Varieties of tomatoes that have existed since 1940 or earlier are referred to as heirloom tomatoes. These tomatoes have existed in the vegetable garden world without any genetic alterations or hybridization. Home gardeners who want to grow heirloom tomatoes in containers have nothing to fear. These tried-and-true tomatoes grow well in containers.
Wash the container with mild soap and warm water if it was used for anything else before planting. Swish white vinegar around in the interior of the container to kill any soil-borne bacteria or fungi that may lurk on the interior's surface if the container was used for another plant. Drill drainage holes in the container if it doesn't already have them.
Fill the container with a high-quality potting mix.
Create a hole in the center of the potting mix with a trowel or by hand. Make the hole deep enough to bury 80 percent of the plant.
Water the heirloom tomato plant when the top 2 to 3 inches of soil are dry to the touch.
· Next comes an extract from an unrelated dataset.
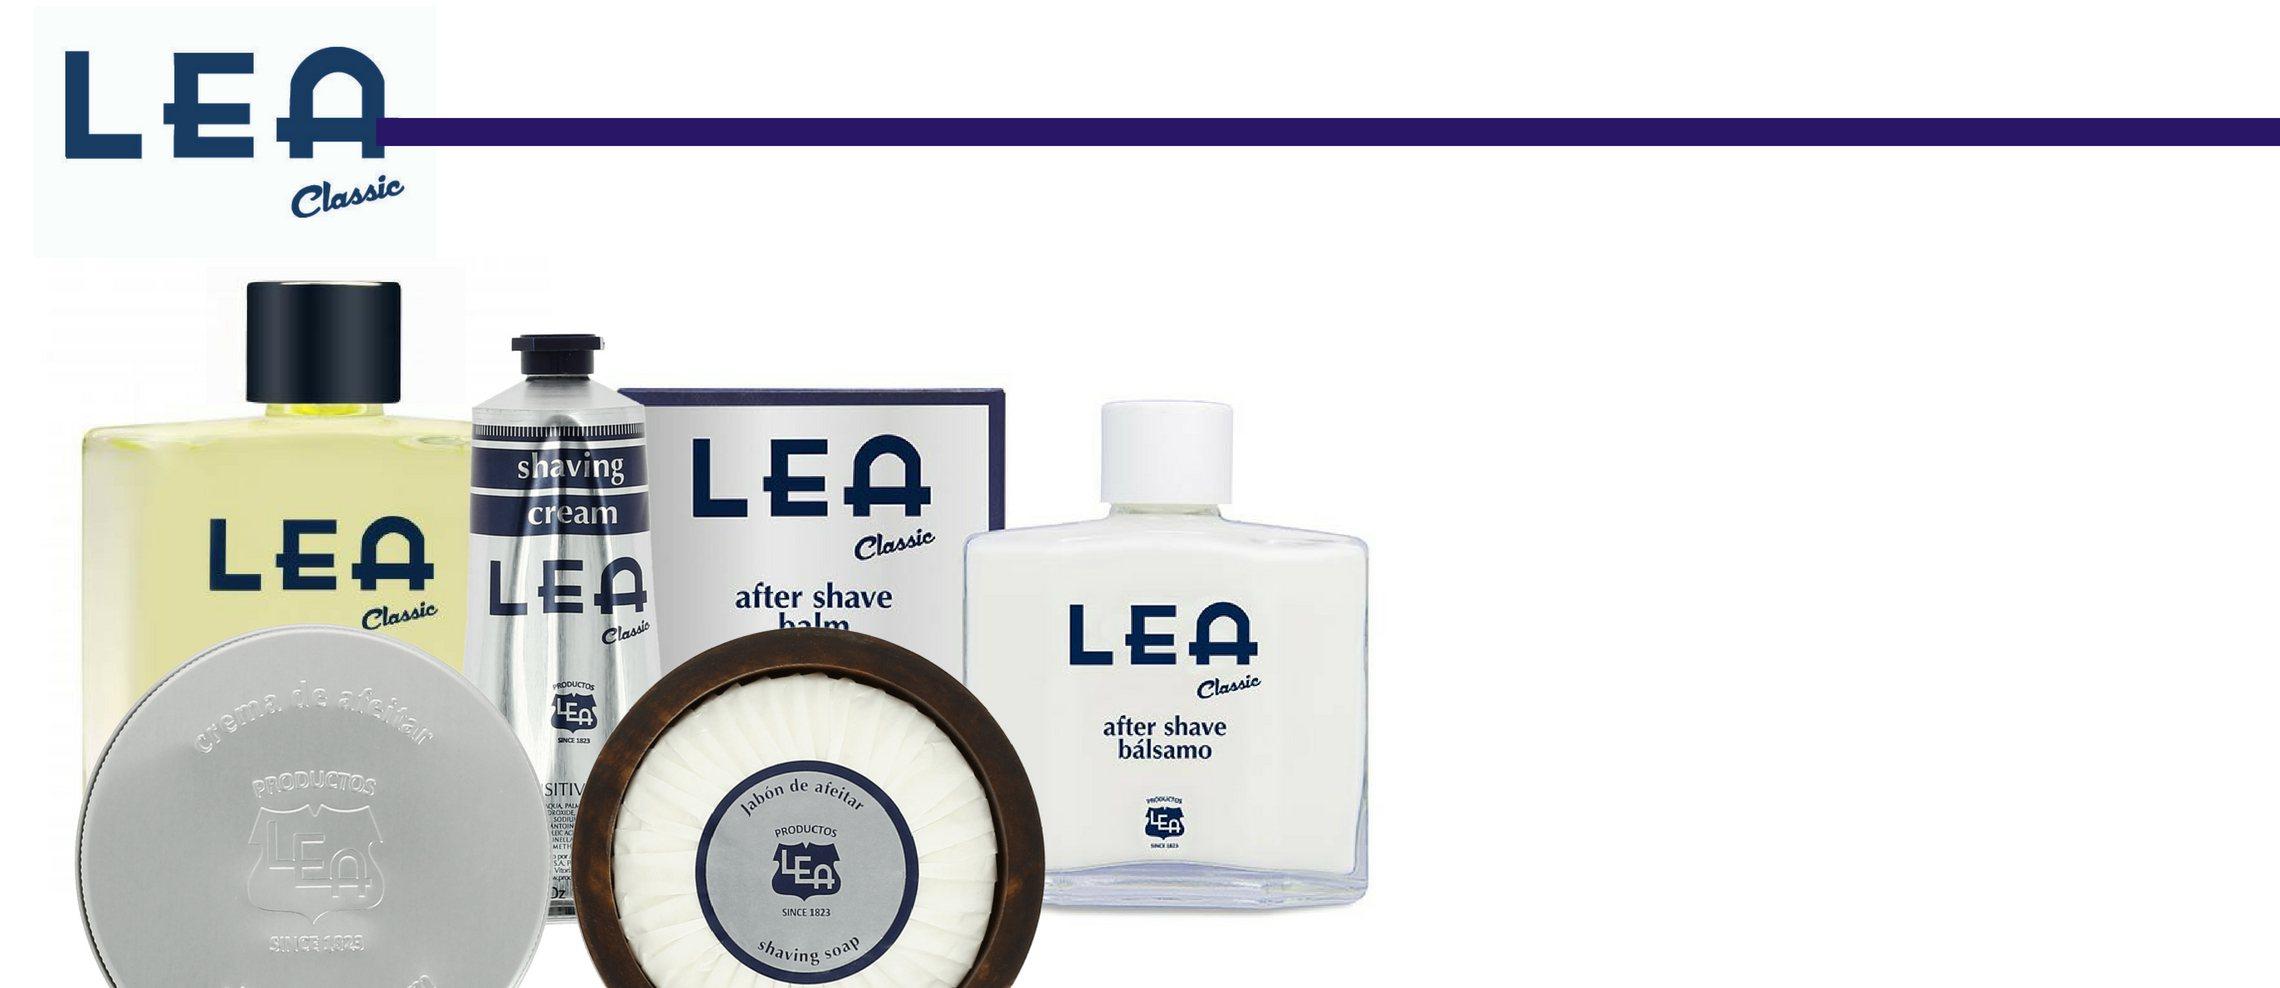 LEA Classic, Lea Classic
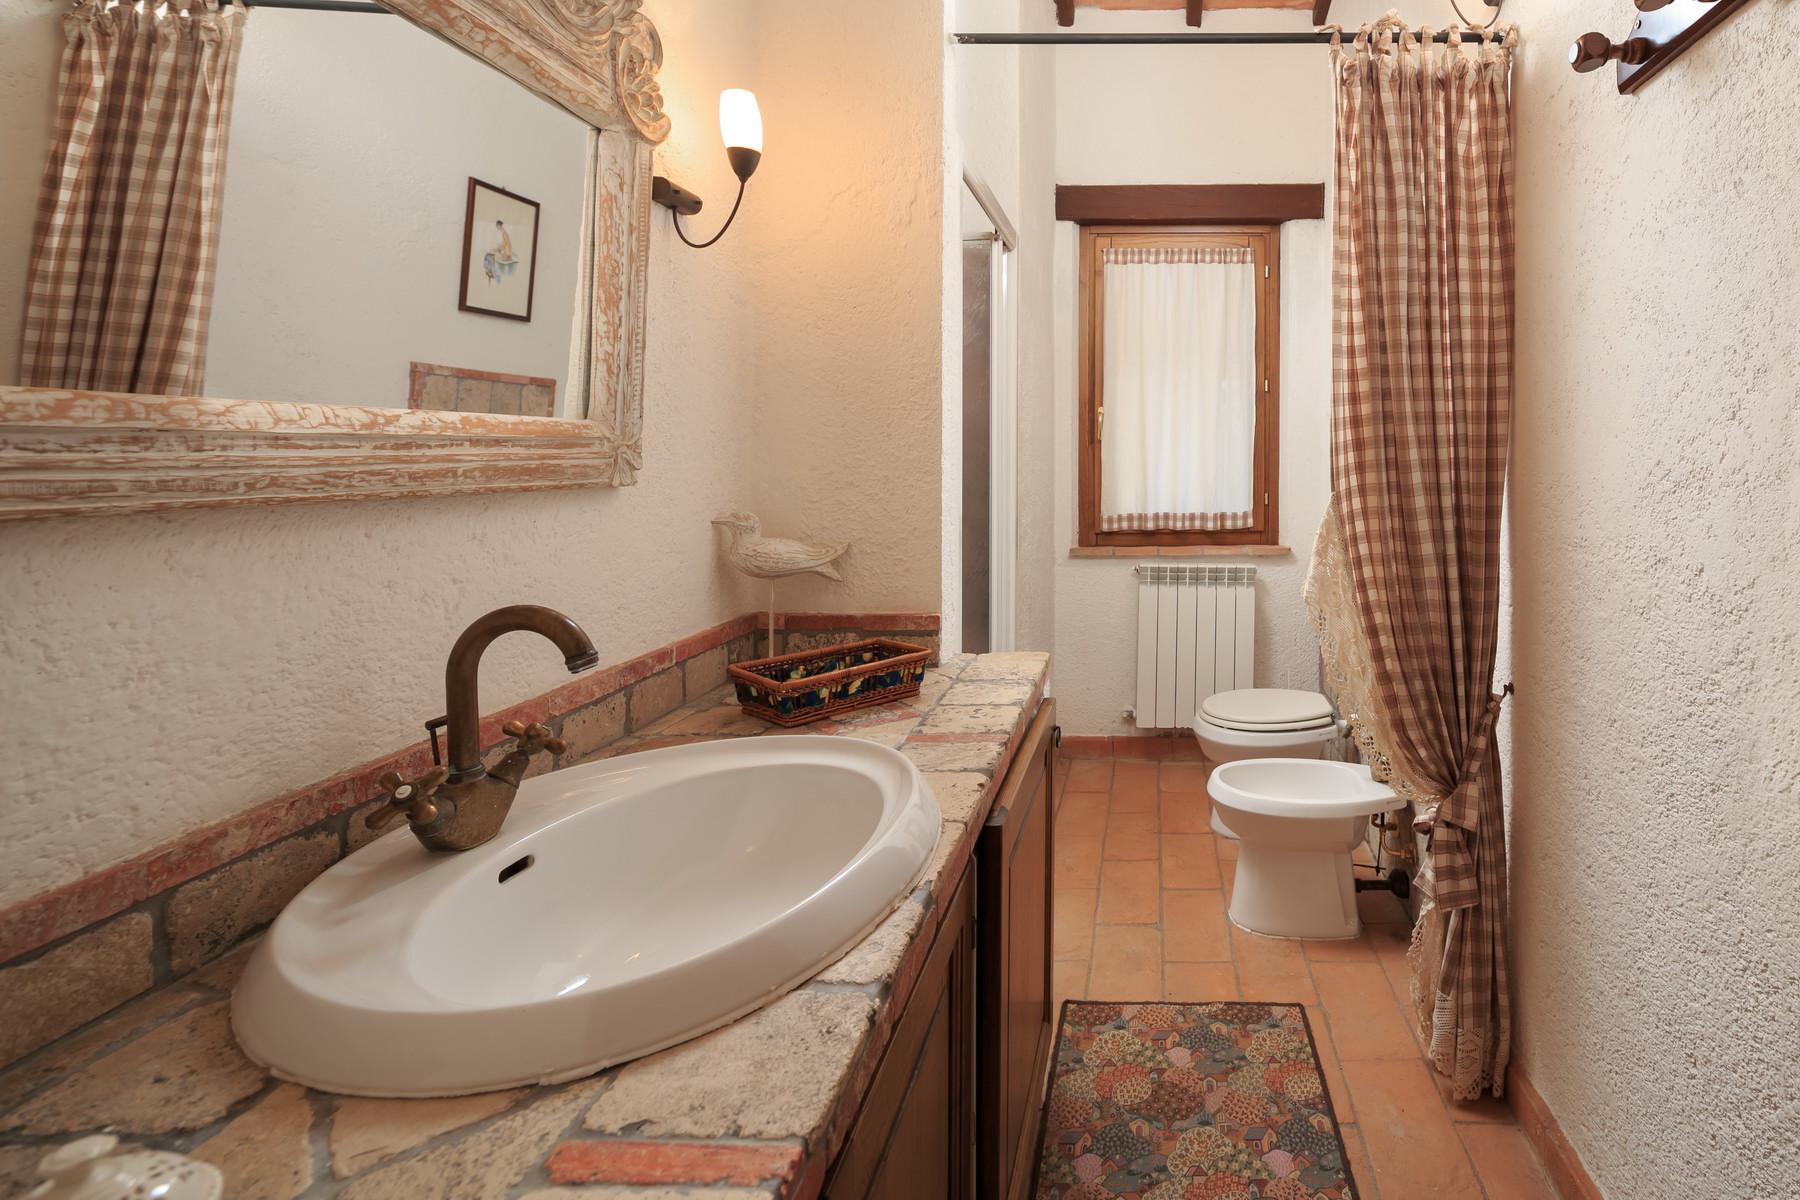 Rustico in Vendita a Manciano: 5 locali, 357 mq - Foto 19

Do not let the soil dry out. Water the plant's soil carefully, wetting only the soil. Remove any lower leaves that get wet during watering. Remove any leaves that show signs of fungal infections (black spots or yellowing) to prevent spread of the disease.
Feed the tomatoes a fertilizer formulated for specifically for tomatoes. Follow the label instructions for dosage details.
Place a cage or stakes around the tomato plant before it reaches 1 foot in height to hold up new branches and developing fruit.